Author(s): Wadah Atamish*

Keratoconus is a progressive, non-inflammatory thinning of the cornea that induces myopia and irregular astigmatism and decreases the quality of vision due to monocular diplopia, halos or ghost image. Keratoconus patients not qualified for corneal procedures and intolerant to refractive correction by spectacles or contact lenses have been implanted toric posterior chamber phakic intraocular lenses (PC pIOLs) alone or combined with other surgical procedures to correct the refractive errors associated with keratoconus as an off label procedure with special informed consent from the patients.
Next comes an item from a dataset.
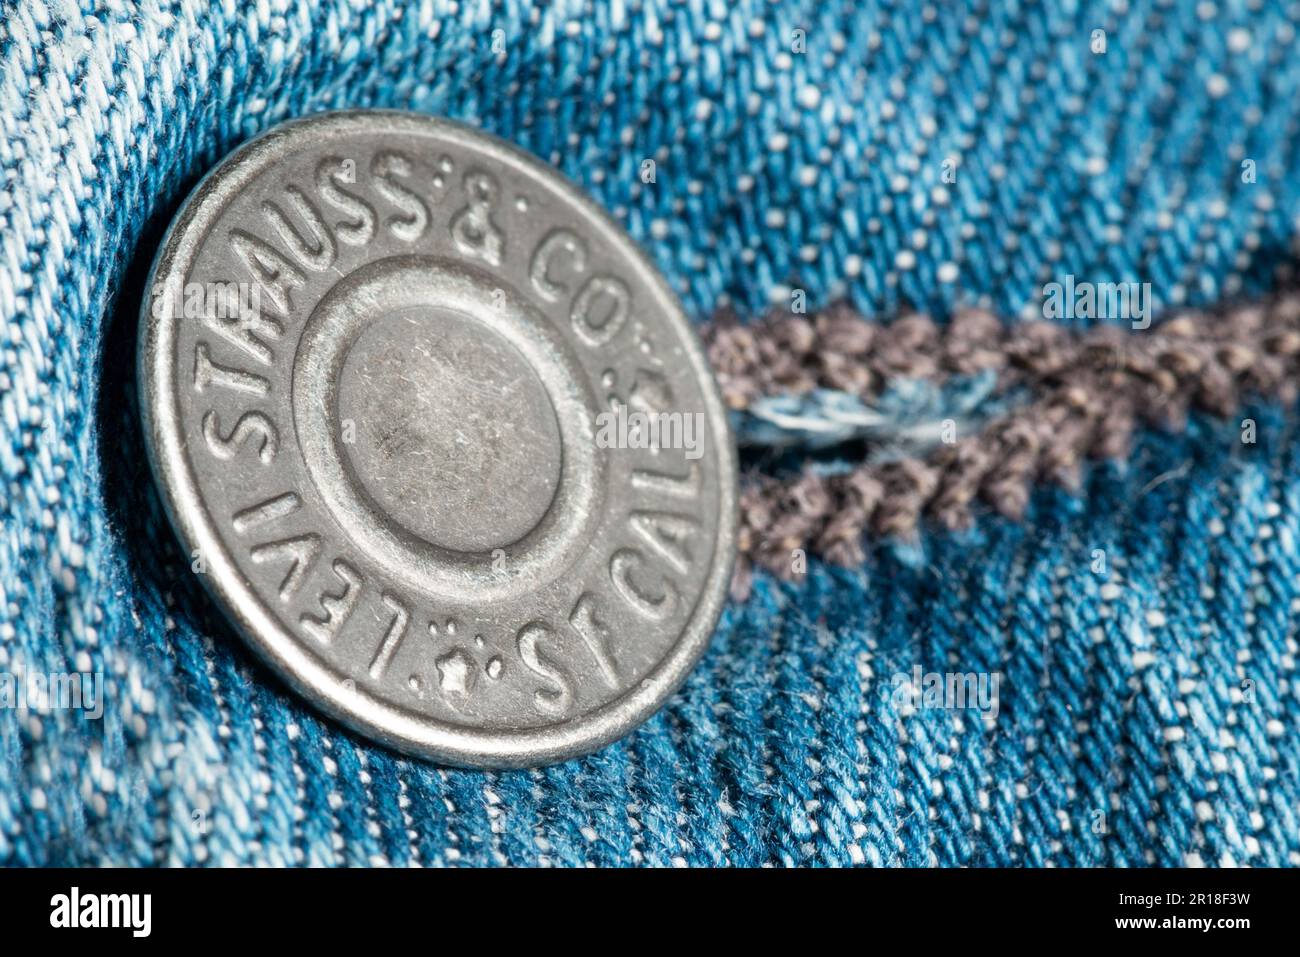 Levi's jeans button close up detail Stock Photo

The toric implantable collamer lens (TICL) is conventionally indicated for the correction of myopia in adults aged 21-40 years with myopia ranging from −3.0 to 23.0 diopters (D) and up to 6D of astigmatism at the spectacle plane, with anterior chamber depth (ACD) ³ 2.8 mm and a stable refraction within 0.5D for 1 year prior to implantation. The patients should have a best corrected distance visual acuity (CDVA) of at least 20/50 with no previous ocular surgery, normal intraocular pressure and open anterior chamber angles (Shaffer grade 3 and 4 or Scheie grade 0 and 1). The results of peer-reviewed, published articles outline the role of each treatment modality in addressing the different optical manifestations of keratoconus. ICRS reduce irregular corneal astigmatism and help to centralize eccentric cones. Corneal CXL (cross linking) is performed once the corneal shape normalizes to stabilize the biomechanically unstable cornea. Intraocular correction of the residual spherocylindrical refractive error with a toric pIOL gives good refractive outcomes though the visual quality is limited in those eyes with associated high corneal total and higher order aberrations.